Allégorie de la justice (illustration). — Pixabay

Lors de sa mise en examen samedi pour « tentative d’importation de stupéfiants » et « association de malfaiteurs », la justice et la police pouvait se féliciter d’avoir porté un gros coup contre le trafic de drogue. Pourtant, le trafiquant de drogue et informateur de la police Sofiane Hambli a été placé mardi sous contrôle judiciaire, cela signifie qu’il « a recouvré la liberté », a indiqué Me Hugues Vigier, son avocat.

Le parquet peut faire appel

Me Vigier avait demandé un débat différé sur la question de sa détention éventuelle, qui s’est tenu mardi devant une juge des libertés et de la détention de Bobigny (Seine-Saint-Denis). « Elle était très à l’écoute, a tenu un vrai débat », s’est-il félicité. A son terme, Sofiane Hambli a donc été placé sous contrôle judiciaire. Libre, il doit néanmoins se soumettre à plusieurs obligations, notamment pointer au commissariat de Bordeaux, a précisé Me Vigier. Le parquet de Bobigny peut encore faire appel de cette décision.

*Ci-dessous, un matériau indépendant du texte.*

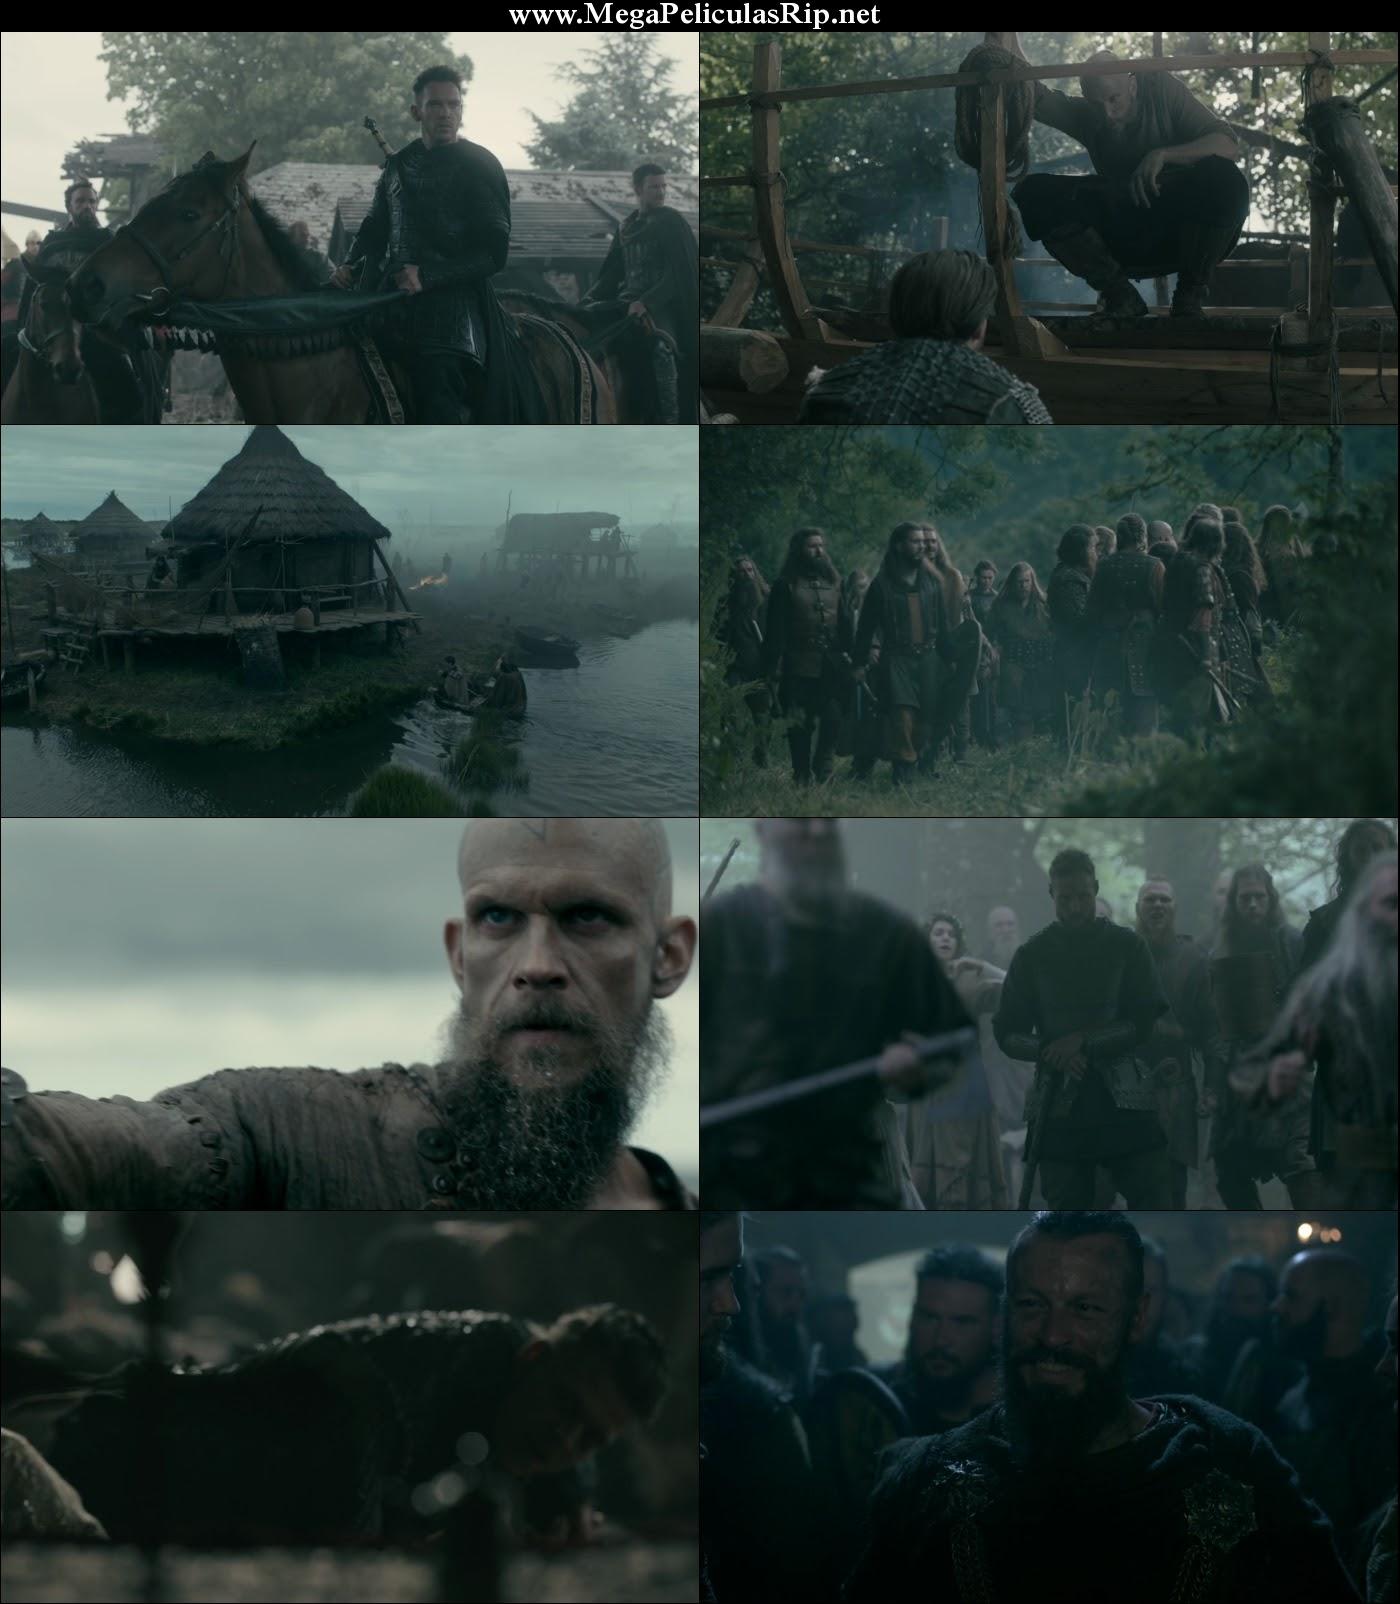 Vikingos Temporada 5 1080p Latino Ingles Mega Megapeliculasrip Megapeliculasrip

L’affaire, qui a conduit au remplacement de l’Ocrtis par l’Ofast (Office anti-stupéfiants) en 2019 du fait des pratiques controversées de l’ex-patron de la lutte antidrogue François Thierry, remonte au 17 octobre 2015. Ce soir-là, une équipe de douaniers découvre sept tonnes de cannabis dans des camionnettes garées boulevard Exelmans à Paris. Mais rapidement des soupçons ternissent l’opération lorsque la justice découvre que la cargaison s’inscrivait en réalité dans une opération de livraison surveillée, théoriquement encadrée par l’Ocrtis, dirigé par le commissaire François Thierry. L’opération s’est appuyée sur Sofiane Hambli, qui aurait selon la justice monté une organisation de trafic de grande envergure, pour son compte personnel. Lui soutient n’avoir joué qu’un simple rôle de « logisticien ».